Patiënten met nosocomiale MRSA-bacteriëmie hebben volgens rapporten een tot tienmaal verhoogd risico op overlijden. Deze extreem ernstige infecties zijn echter niet representatief voor alle nosocomiale MRSA-infecties, en waarschijnlijk niet representatief voor community-acquired MRSA-infecties, waarvan vele geen ziekenhuisopname vereisen. Zoals verwacht, is ons waargenomen sterftecijfer veel lager dan in deze studies.

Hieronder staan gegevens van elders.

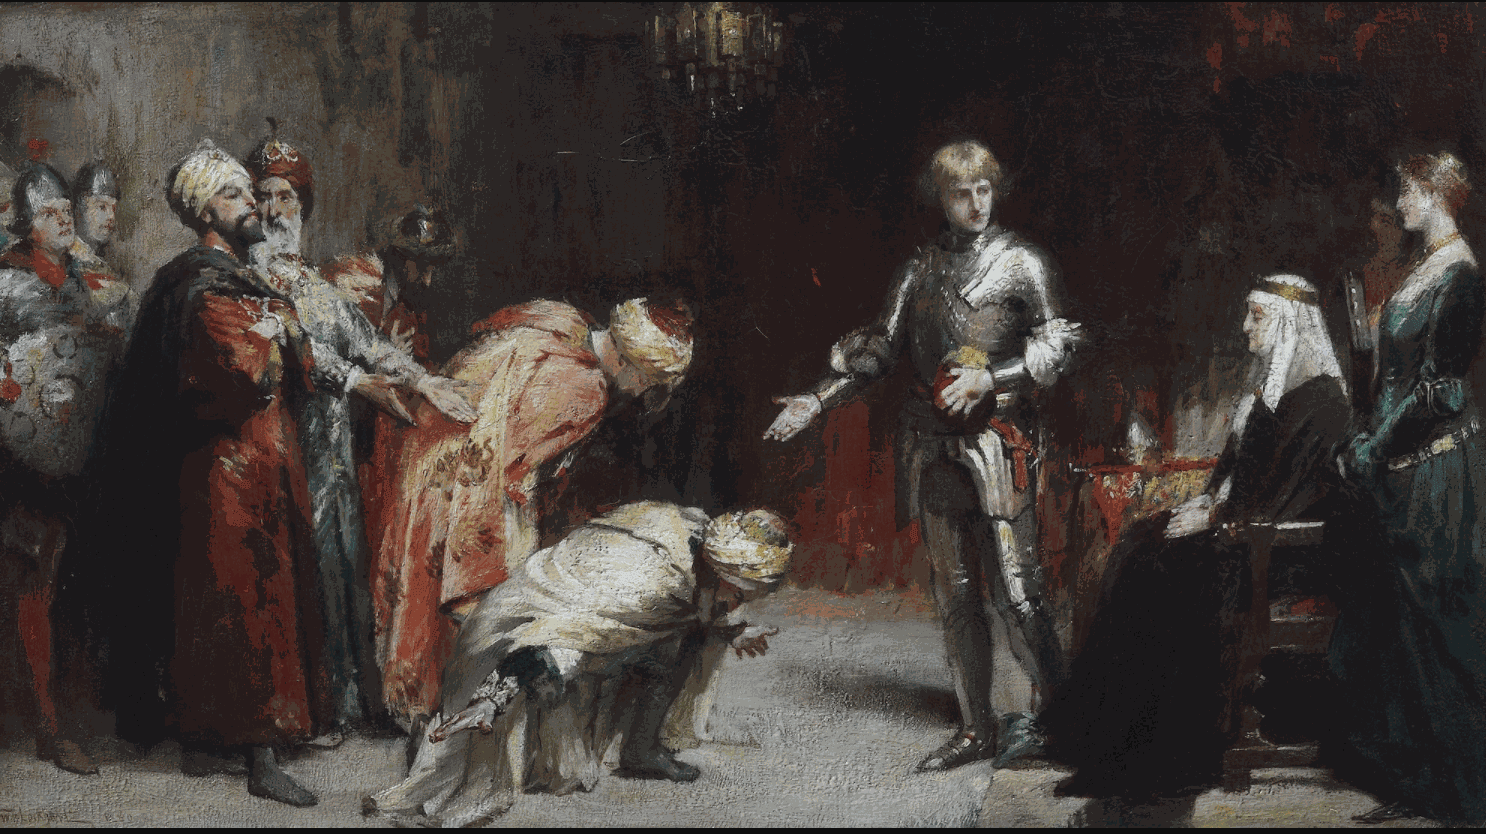 William Ewart Lockhart RSA ARWS RSW RE (1846-1900) The Cid and the Five Moorish Kings  Oil on Canvas, 1880, 25.2 x45.7cm,  RSA Diploma Collection (Deposited, 1883) 1999.002

In deze studie zien we een gemiddelde van 360 MRSA-infecties gediagnosticeerd in de gemeenschap per jaar onder de volwassen GPRD-populatie gedurende de studieperiode. Dit is ongeveer 13 gevallen per 100.000 volwassenen in de GPRD-populatie, wat vergelijkbaar is met de incidentie gevonden in andere studies, zoals die van Fridkin et al . Dit geldt vooral als we ervan uitgaan dat sommige MRSA-infecties worden gediagnosticeerd op de spoedeisende hulp van ziekenhuizen en dus niet in onze studie worden meegeteld. Fridkin et al vonden ook een significant deel van de gemeenschapsgeassocieerde MRSA-infecties bij patiënten ouder dan 65 jaar.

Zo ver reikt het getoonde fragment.